3.8. Illustration of Model Outcomes

Online Supplement I shows the Boolean rules in DNF obtained by IRELAND for three data sets compared with the true Boolean rules that underly the data. The first two data sets come from the noise data collection, and the third data set comes from the genomics collection. For all three data sets, IRELAND finds those AND clauses that yield a significant number of true positives. When an AND clause yields a low number of positives, it is difficult for IRELAND to retrieve it, which is particularly visible for the genomics data set on which IRELAND returns only one AND clause. For Inst1003, three out of five clauses are retrieved exactly (Table 4 in Online Supplement I). One of the two AND clauses identified by IRELAND for this data set has a Pearson correlation of 0.46 with one of the true underlying AND clauses; the other clauses are uncorrelated (Online Figure 8 in Online Supplement I).

3.9. The Sensitivity–Specificity Trade-off Curve

As IRELAND generates a pool of AND clauses on the fly, one can readily use these to generate the trade-off curve between sensitivity and specificity. Trade-off curves were generated for the synthetic data set collection with noise. Examples of these trade-off curves are shown in Figure 14(a), and runtimes are provided in Figure 14(b).

Figure 14. Sensitivity–Specificity Trade-offs
*Notes.* (a) Examples of sensitivity–specificity trade-off curves for four data sets. (b) Boxplot of the runtimes for generating the sensitivity–specificity trade-off curve.

4. Discussion

For large data sets, the primary focus of this work, IRELAND was able to outperform $(B P 1)$ , the original MILP, in terms of both normalized objective function value and runtime. Whereas $(B P 1)$ could not be solved for several instances because of memory issues, IRELAND was able to find a solution for each data set within four hours. For the data sets for which $(B P 1)$ could not finish within four hours, IRELAND was able to do so and found solutions with an improved normalized objective function value. The column-generation approach developed by Dash et al. (2018), called BRCG, outperforms IRELAND for data sets without noise. For noisy data sets, BRCG largely outperforms IRELAND in terms of runtimes, whereas IRELAND yields a significant improvement in objective value that can be as large as 0.24. IRELAND also outperforms BRCG in terms of the objective value obtained on the test data set.

BRCG obtains a trivial normalized objective value for all PEPS phenotypes in the genomics data set. This is due to BRCG’s subproblem being unable to find a suitable AND clause. As a result, BRCG does not select any AND clauses and classifies all samples as a control. The case/control ratio in all PEPS data sets is roughly the same; hence, the same objective value is obtained for all data sets. IRELAND does find Boolean rules in DNF that yield a reasonable normalized objective value in one up to nearly five hours. The normalized objective value obtained on the test data are only slightly above the normalized objective value obtained on the training data.

IRELAND often generalizes better than BRCG. One explanation for this could be sought in the complexity of the Boolean rules in DNF identified by the two methods, reflected by the number of clauses and the number of features that are included in a rule. IRELAND generally uses more but smaller AND clauses than BRCG; see Online Figure 9 in Online Supplement J. Another explanation may be found in the sampling nature of IRELAND: the algorithm generates new clauses based on a subset of the samples and selects those clauses that work best for all samples. This approach is comparable to cross-validation.

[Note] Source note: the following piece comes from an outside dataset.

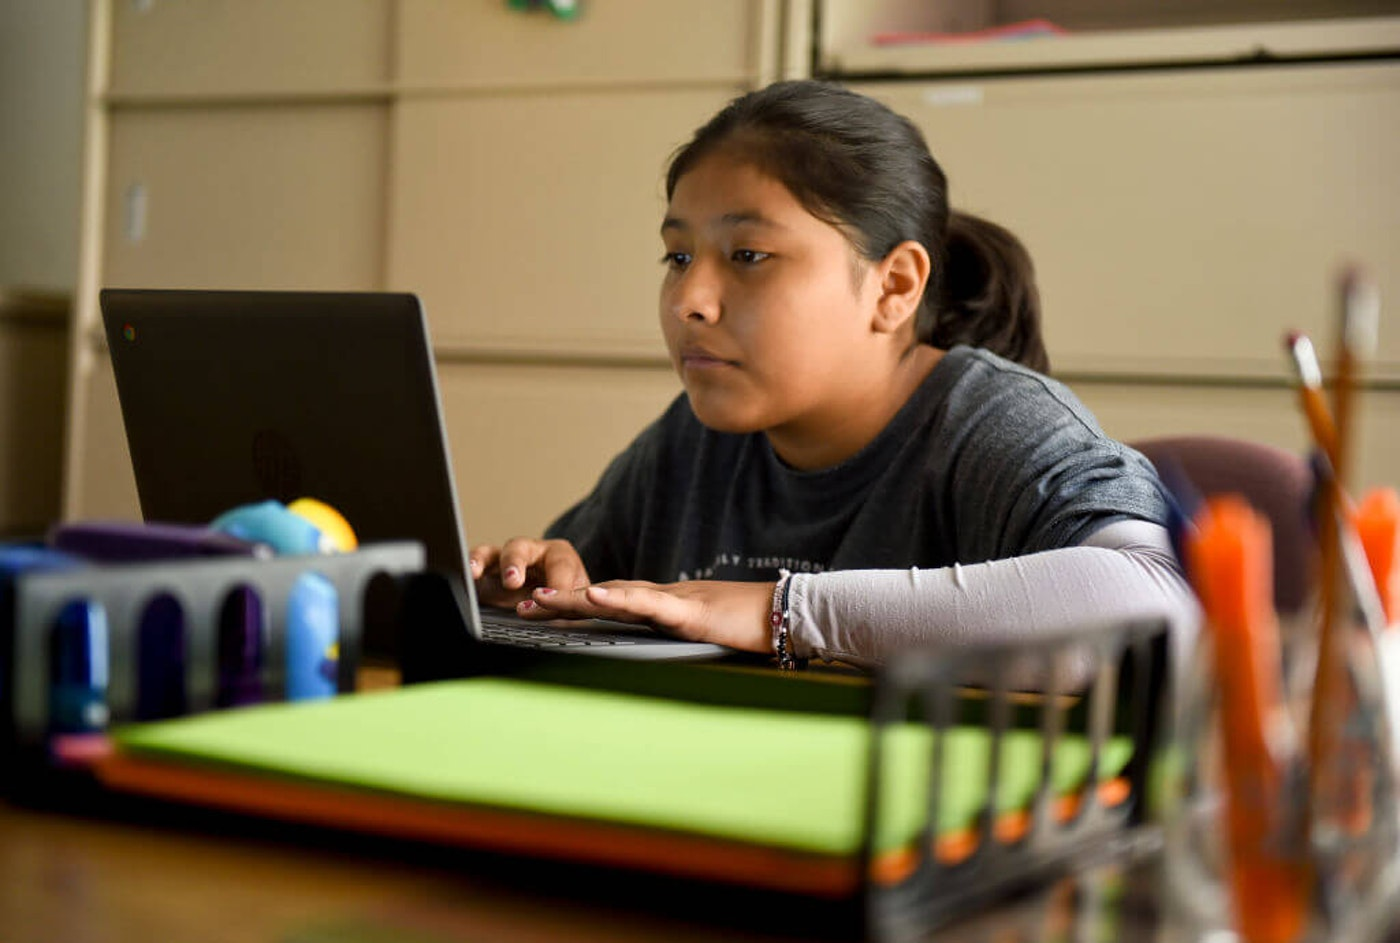 Student attending virtual school

N and J both are good indicators to decide whether to use IRELAND instead of $(B P 1)$ . For data sets without noise, IRELAND always found a solution with an objective function value that was at least as good as the solution found by $(B P 1)$ and often much better. IRELAND obtains improved runtimes when the data set contains more than 1,000 samples for data sets without noise and for $N \geq 500$ or J > 1,000 for data sets with noise. When choosing whether to use IRELAND or BRCG, N and J together provide a good indicator. BRCG outperforms IRELAND when either $N \leq 1, 000$ or $J \leq 1, 000$ , and IRELAND outperforms BRCG otherwise.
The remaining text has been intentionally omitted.